Personal information
- Date of birth: 8 August 2003 (age 23)
- Place of birth: Turin, Italy
- Position: Midfielder

Team information
- Current team: Renate
- Number: 17

Youth career
- Accademia Grugliasco
- Accademia Intertorino
- 2017–2022: Juventus

Senior career*
- Years: Team / Apps / (Gls)
- 2022–2024: Juventus Next Gen / 11 / (0)
- 2023–2024: → Taranto (loan) / 2 / (0)
- 2024–: Renate / 59 / (4)

International career
- 2018: Italy U15 / 9 / (1)
- 2018–2019: Italy U16 / 5 / (0)
- 2019–2020: Italy U17 / 2 / (0)

= Andrea Bonetti =

Italian footballer (born 2003)

Andrea Bonetti (born 8 August 2003) is an Italian footballer who plays as a midfielder for club Renate.

== Club career ==
Having been born in Turin on 8 August 2003, Bonetti's first career years were at Accademia Grugliasco. He continued at Accademia Intertorino, where he attracted Juventus' attention, which he joined in 2017. Playing as a centre-forward, he was the most prolific Juventus U16 player of the 2018–19 season with 16 goals. With time, he moved down the pitch, becoming a midfielder able to play as a regista, a left mezz'ala and as a trequartista. In the 2021–22 season, which he played as a regista for the under-19 side, he scored five goals and gave five assists in 43 appearances in all competitions.
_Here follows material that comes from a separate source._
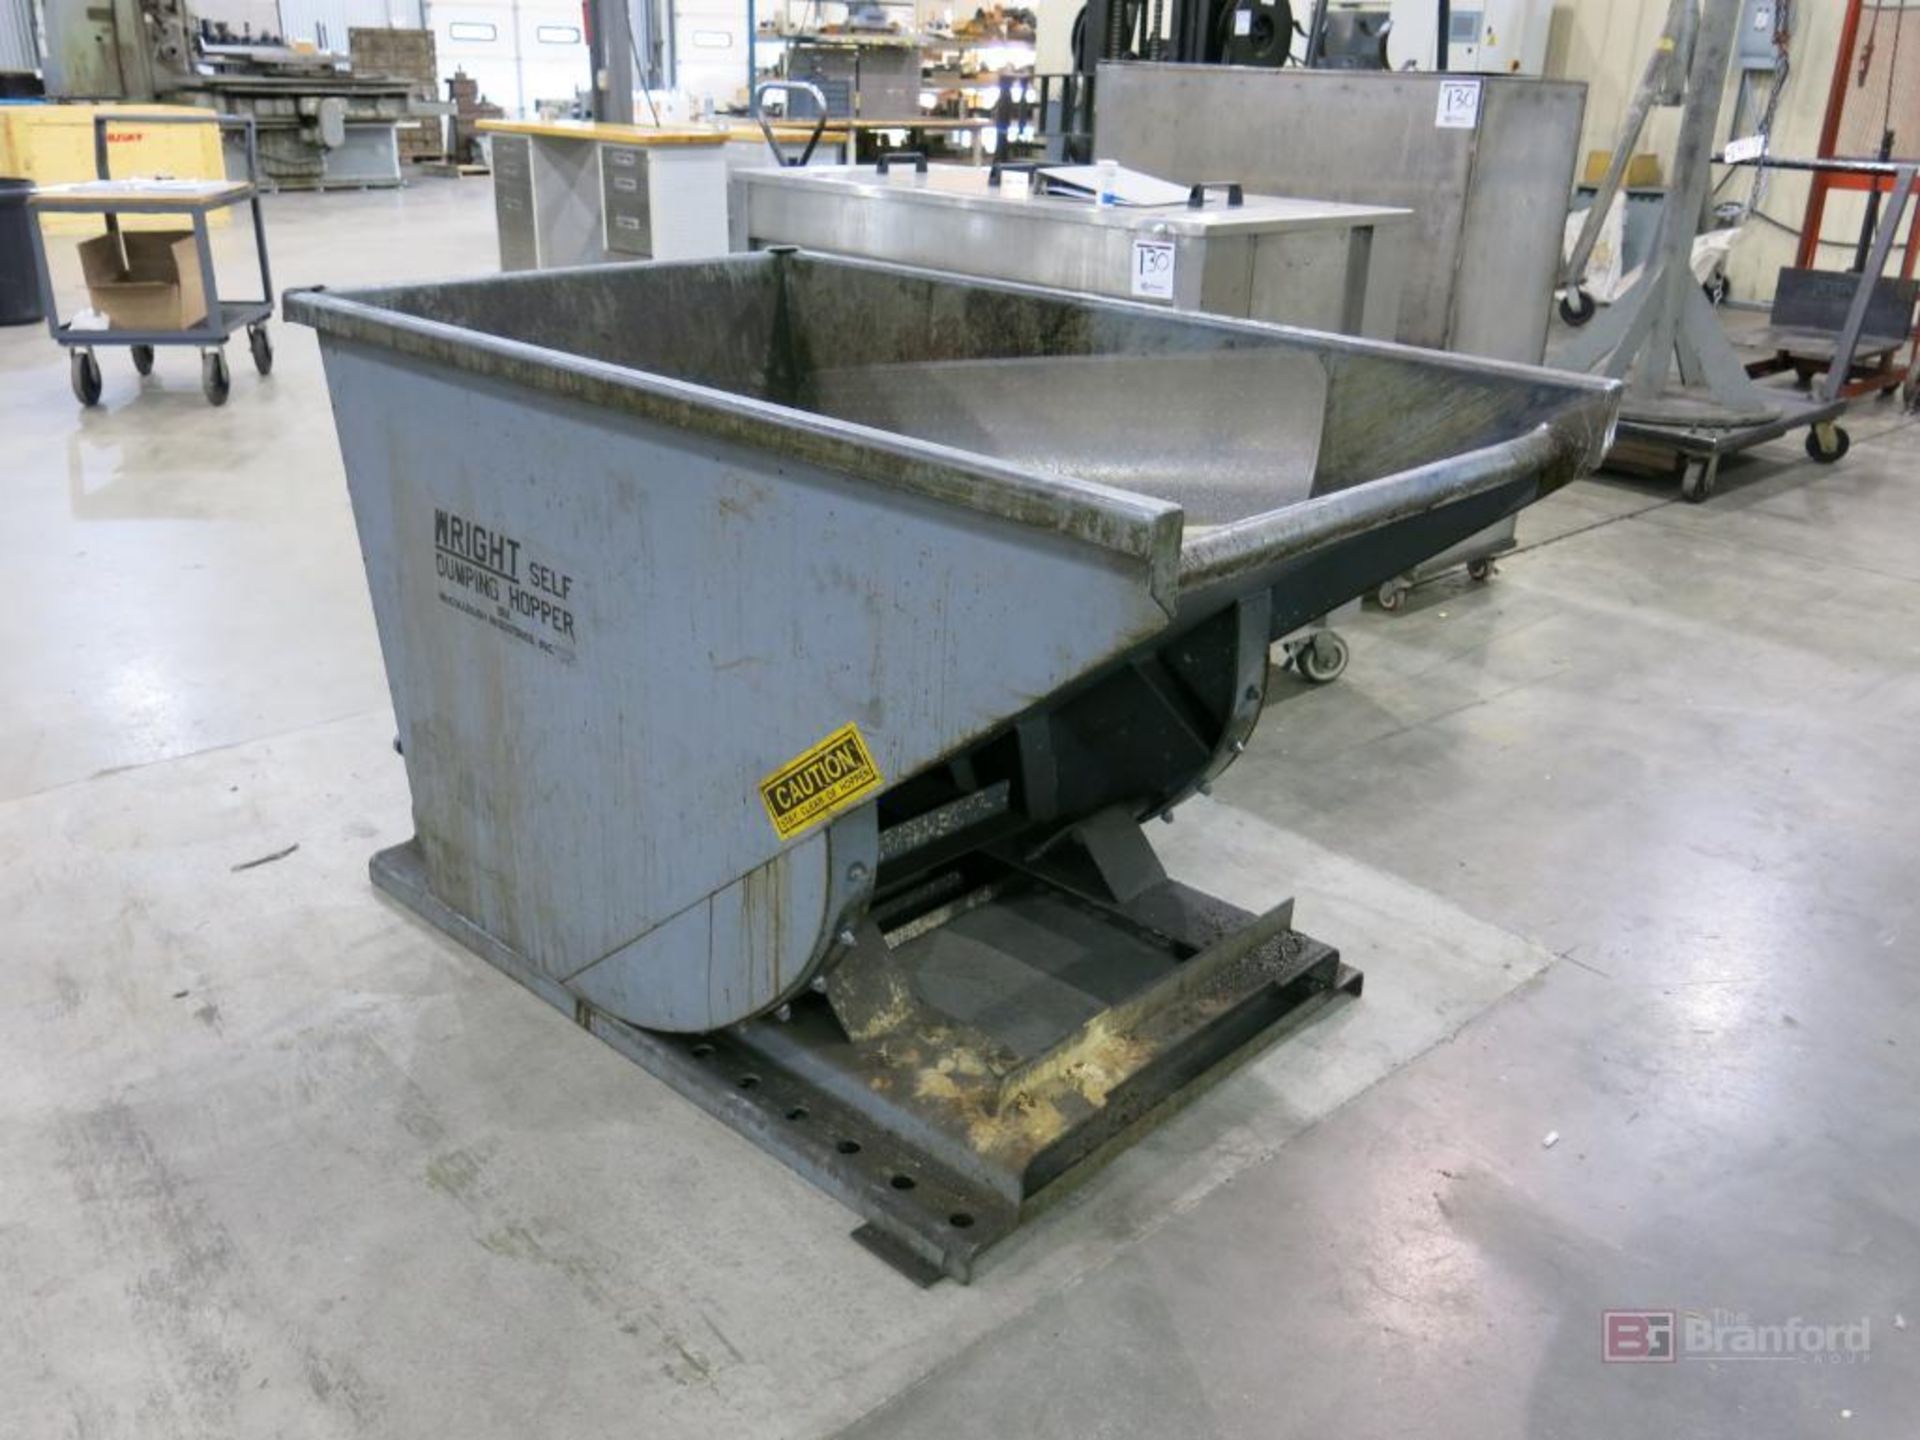 Wright Approx. 1/2-Yard Cap. Forklift Mount Self Dumping Hopper - Image 2 of 2
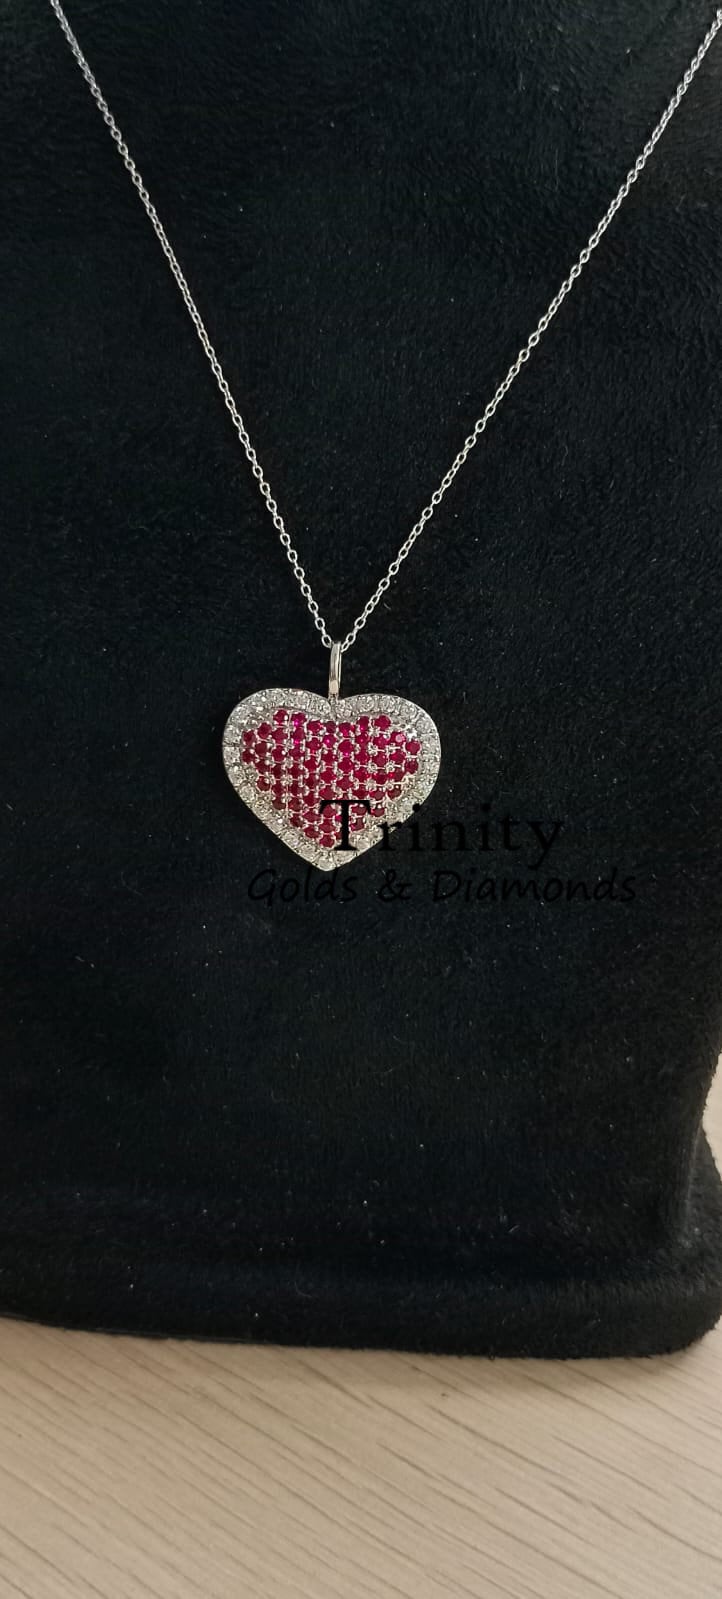 Natural Ruby Heart Pendant, Moissanite Diamonds Heart Shape Pendant, Pave Heart Charm Pendant Necklace , Heart Jewelry, Gifts For Her

On 9 October 2021, Juventus first-team manager Massimiliano Allegri played Bonetti for about 30 minutes, coming on as a substitute for Arthur Melo at the 63rd minute, in a friendly match against Alessandria, which they won 2–1. He made his Juventus Next Gen—the reserve team of Juventus—debut on 3 September 2022, in a 2–0 Serie C win against Trento, coming on as a substitute at the 64th minute for Enzo Barrenechea. His Next Gen debut as a starter came on 17 September, in Renate–Juventus Next Gen 3–2. He came off the pitch after 60 minutes for defender Félix Nzouango, when Next Gen were losing 3–0. On 3 November, he renewed with Juventus until 30 June 2025.

On 24 July 2023, Bonetti joined Taranto in Serie C on a season-long loan.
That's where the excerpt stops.